- Directed by: Kola Tubosun
- Written by: Kola Tubosun
- Produced by: Kola Tubosun; Olajide Bello; Tunde Kelani; Deji Toye; Olajide Salawu;
- Starring: Wole Soyinka; Olayide Soyinka; Femi Euba; Nelson Fashina; Folabo Ajayi-Soyinka; Olaokun Soyinka; Moremi Soyinka-Onijala; Peyibomi Soyinka-Airewele; Niyi Osundare; Femi Osofisan; Dan Izevbaye; Ilemakin Soyinka; Remi Raji;
- Narrated by: Femi Elufowoju Jr
- Cinematography: Tunde Kelani
- Edited by: Danilo Santos
- Production companies: Oratures LLC; OlongoAfrica;
- Release date: July 2024;
- Running time: 100 minutes
- Countries: Nigeria, United States
- Language: English

= Ebrohimie Road: A Museum of Memory =

American television series

Ebrohimie Road: A Museum of Memory is a documentary film written, produced, and directed by Kola Tubosun, and shot by Tunde Kelani, about the eponymous location at the University of Ibadan where Nigerian writer/playwright and Nobel Laureate Wole Soyinka lived and worked between 1967 and 1972. It was from there that Soyinka was arrested in 1967 after visiting the breakaway Biafra that was engaged in a civil war with Nigeria, and it was there to which he returned in 1969 after his release, before leaving for a voluntary exile a few years later. The film premiered in Nigeria in July 2024 as part of activities to mark Soyinka's 90th birthday, and has continued to screen in venues in the United States, United Kingdom, and elsewhere.

== Synopsis ==
The house at 8 Ebrohimie Road, University of Ibadan once housed Wole Soyinka and his family. The film returns to persons who knew the home, lived in it, or interacted with Soyinka and his family throughout his stay in Ibadan, and afterwards, to construct a story that intersects with the history of the university itself, the nation, and Soyinka's personal journey into literary superstardom.

According to the film writer and director, himself an alumnus of the University of Ibadan, the idea for the documentary came from his first contact with the bungalow at the university many years after his time in the institution. Discovering numerous stories connected to the location and their larger significance for the Nigerian literary, academic, political, and social history moved him to seek a chance to tell the story on the big screen. The work was supported by Open Society Foundations and Sterling Bank (Nigeria).
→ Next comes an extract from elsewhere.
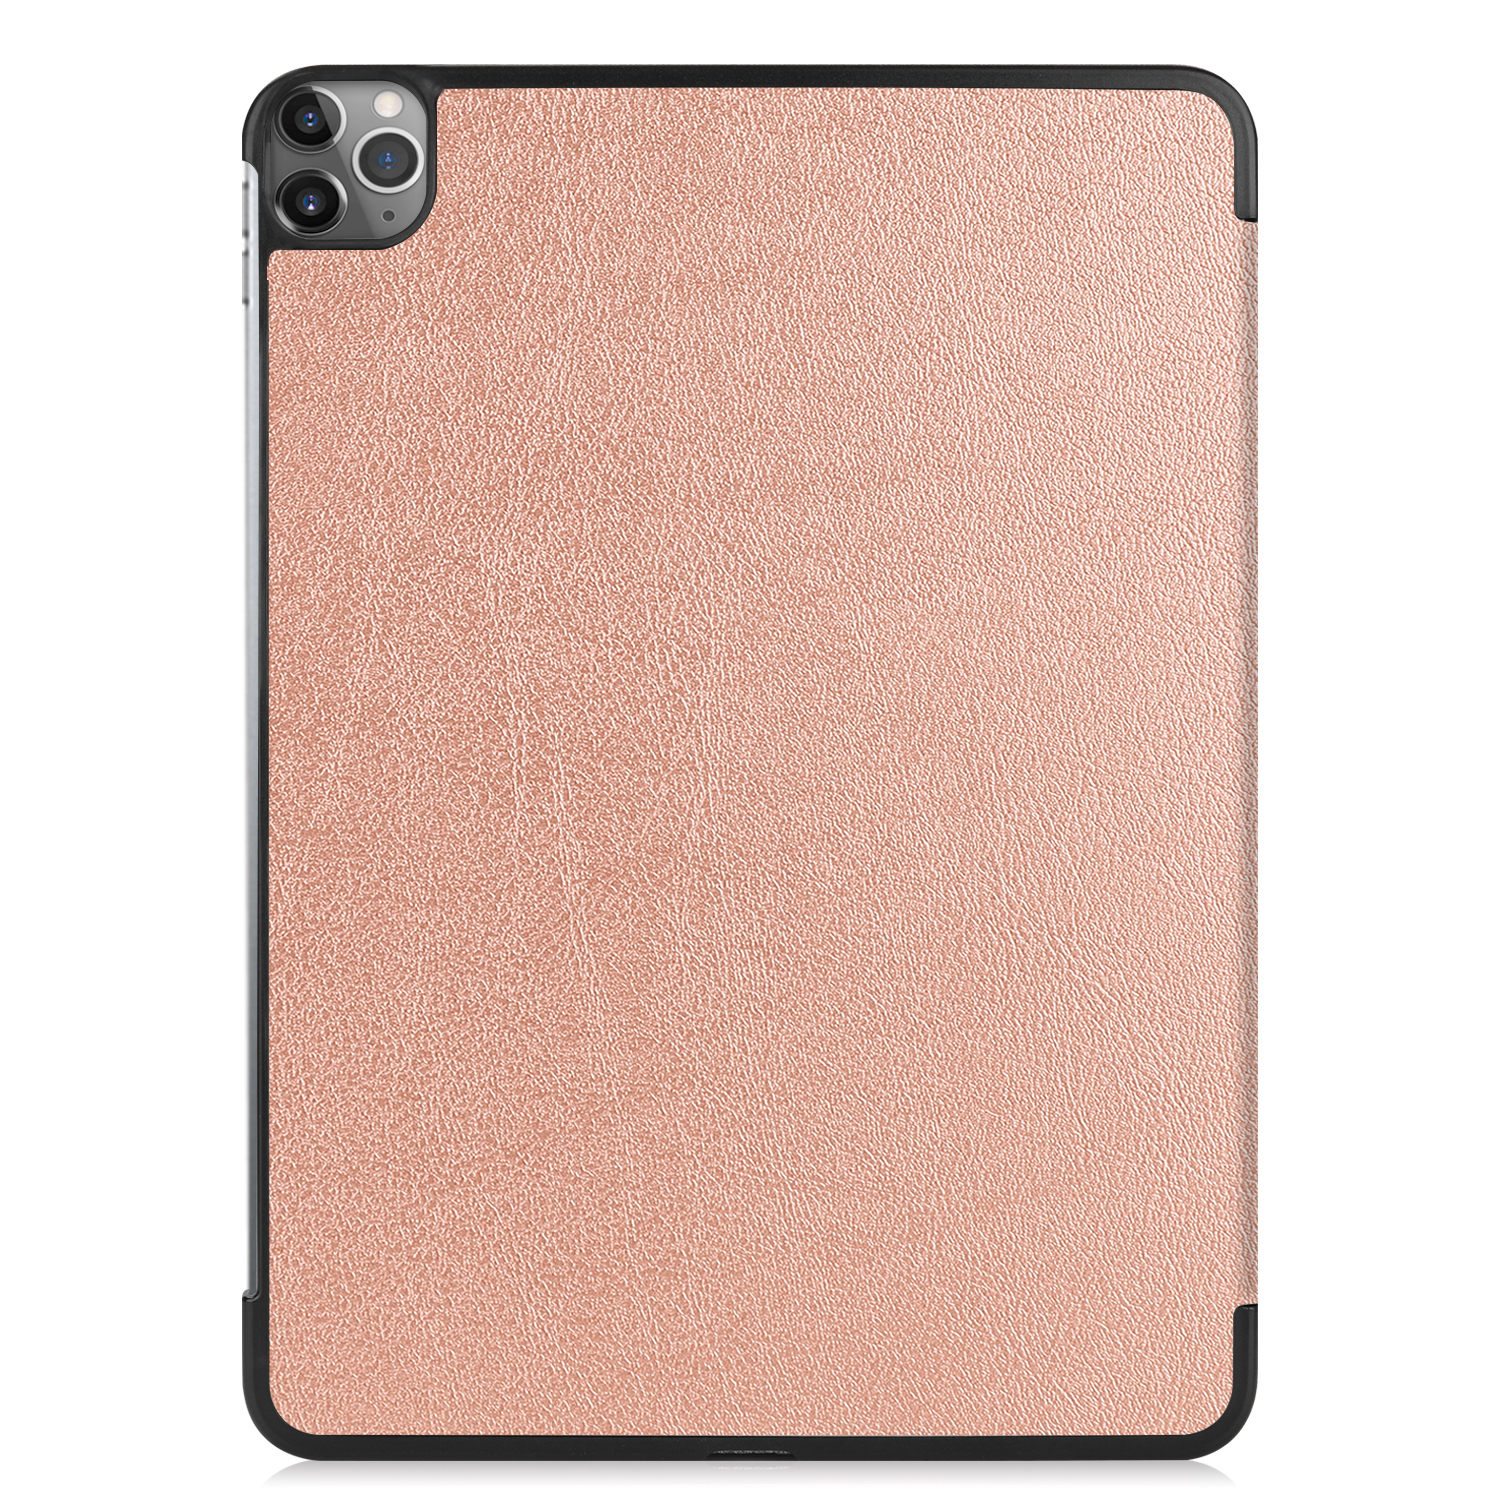 11 Kunstleder, Apple Bookcover iPad bronze 2020 Pro /2021/2022 LOBWERK Schutzhülle 11 Hülle für Zoll

Subjects interviewed in the film include Wole Soyinka himself, colleagues and students like Femi Euba, Niyi Osundare, Femi Osofisan, Dan Izevbaye, Remi Raji; family members like Chief Mrs. Olayide Soyinka (his ex-wife) Omofolabo Ajayi-Soyinka (sister), Olaokun Soyinka (son), Moremi Soyinka-Onijala (daughter), Peyibomi Soyinka-Airewele (daughter), Ilemakin Soyinka (son); other witnesses like Joop Berkhout, Alabi Ogundepo, Kitibi Oyawoye, and others.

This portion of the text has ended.